_Try it:_ Everything in the records below from the line containing "modern outdoor sensor" through the line containing "Road winding through" is to be reproduced exactly, those two lines included; no picture is to be copied.
┌─ Records
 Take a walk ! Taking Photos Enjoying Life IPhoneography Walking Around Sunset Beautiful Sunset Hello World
└─
┌─ Records
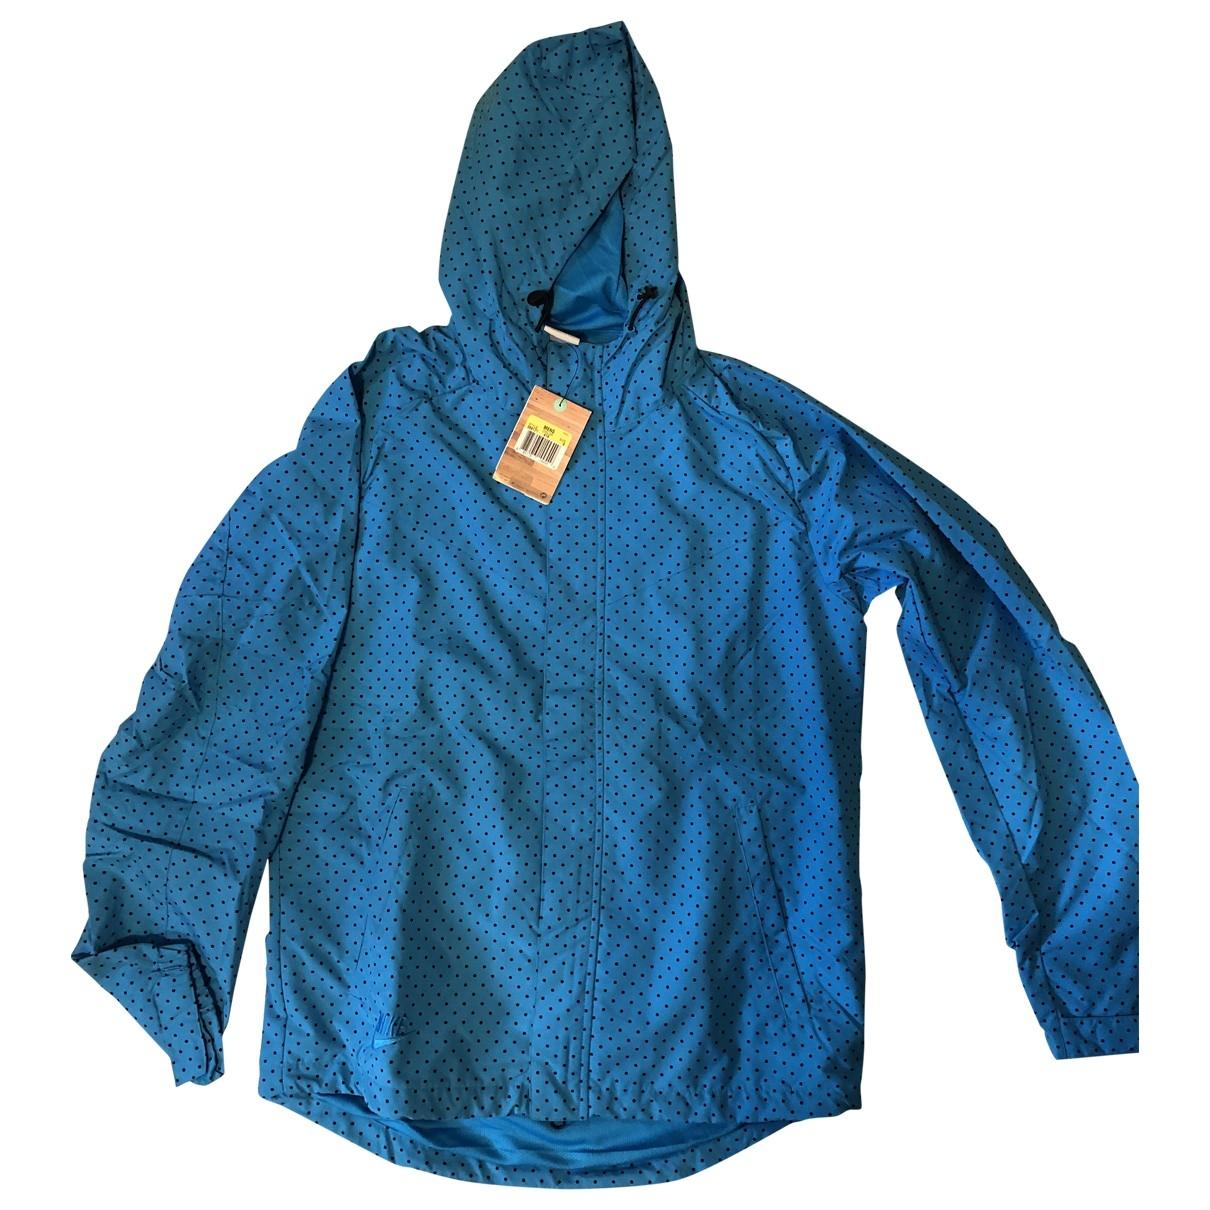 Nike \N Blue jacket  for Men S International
└─
┌─ Records
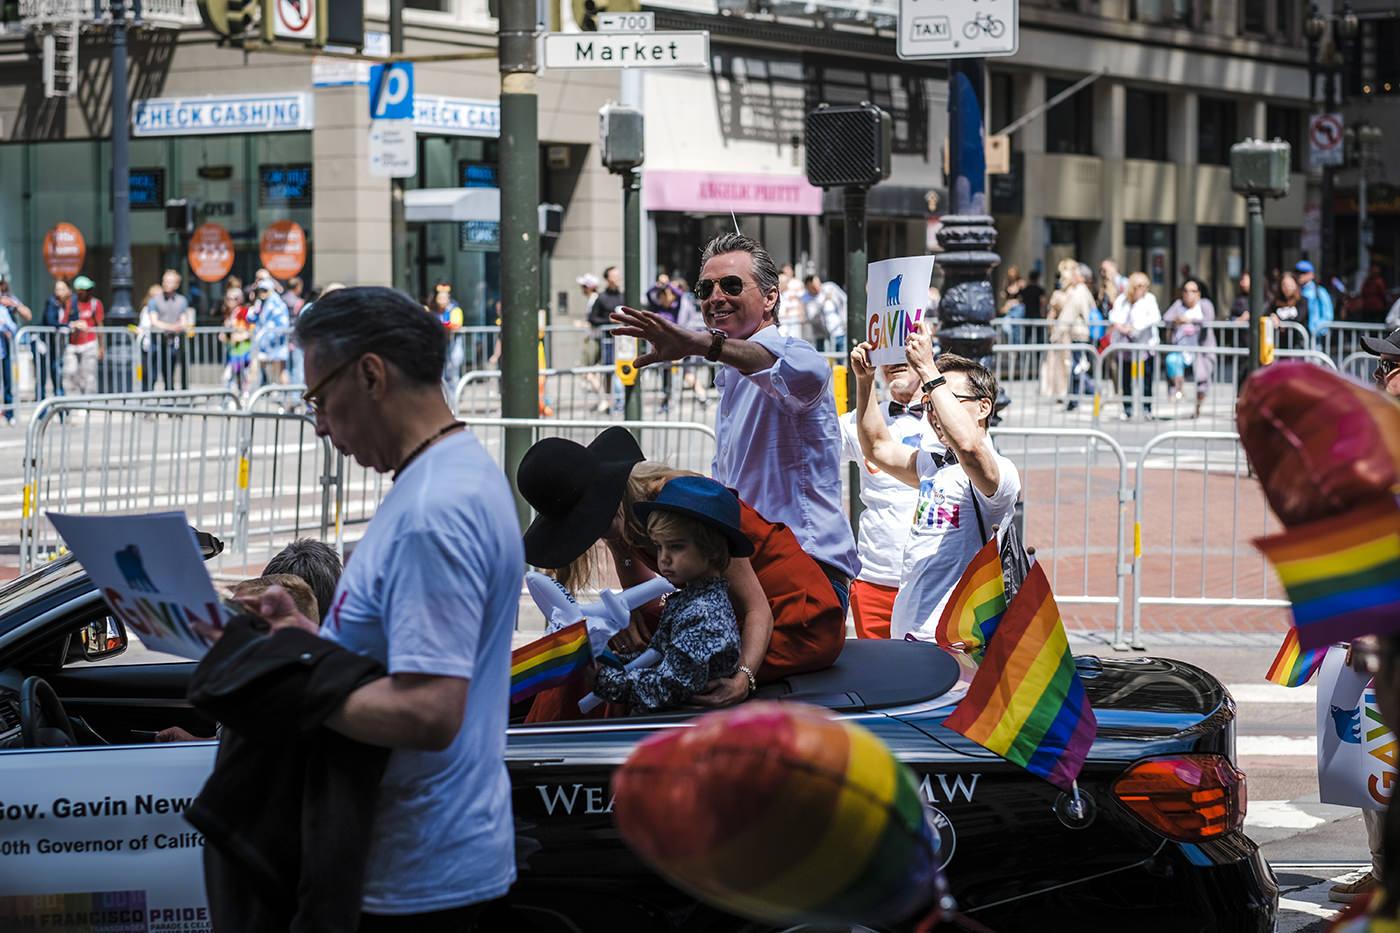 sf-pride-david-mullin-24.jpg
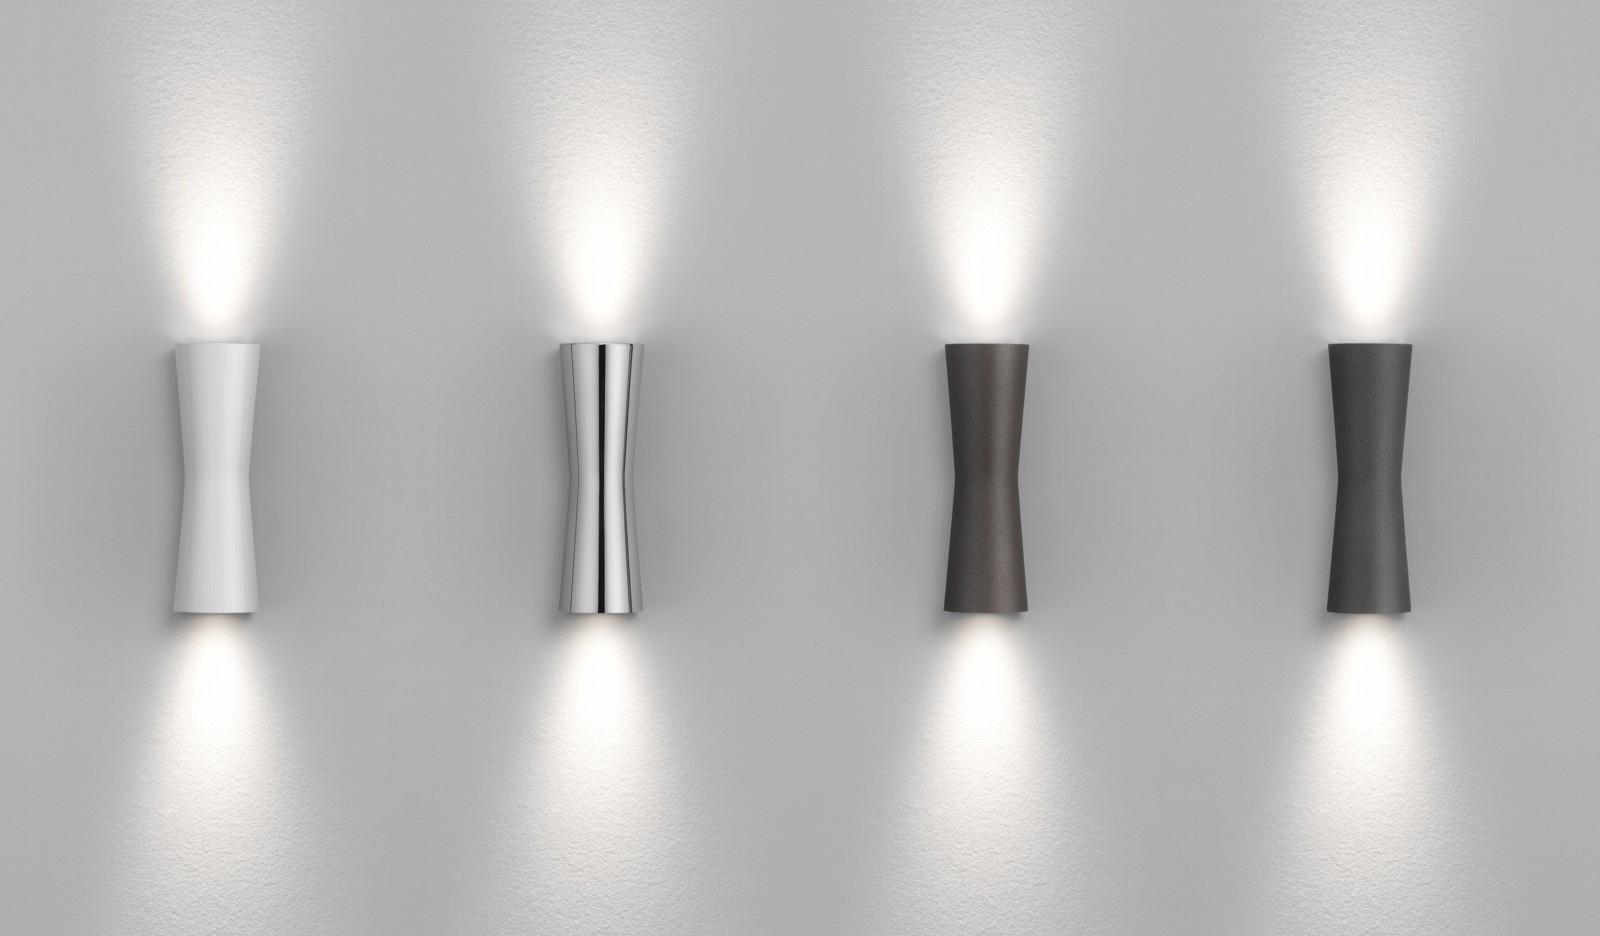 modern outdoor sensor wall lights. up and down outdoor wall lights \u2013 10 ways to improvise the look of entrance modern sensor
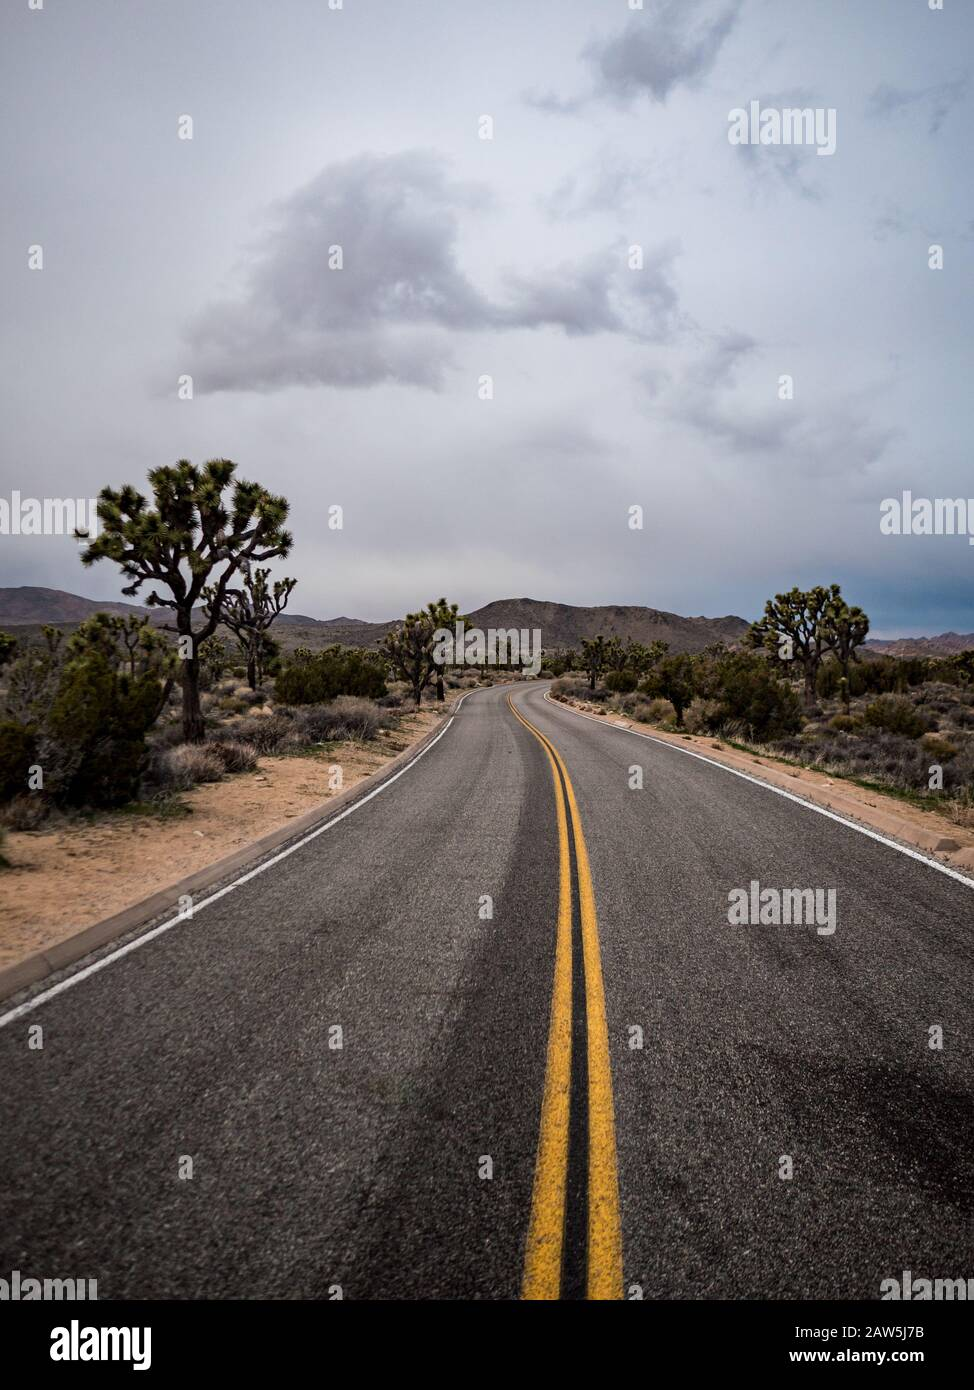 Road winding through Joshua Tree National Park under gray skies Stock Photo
└─
_Solved problem:_
 modern outdoor sensor wall lights. up and down outdoor wall lights \u2013 10 ways to improvise the look of entrance modern sensor
 Road winding through Joshua Tree National Park under gray skies Stock Photo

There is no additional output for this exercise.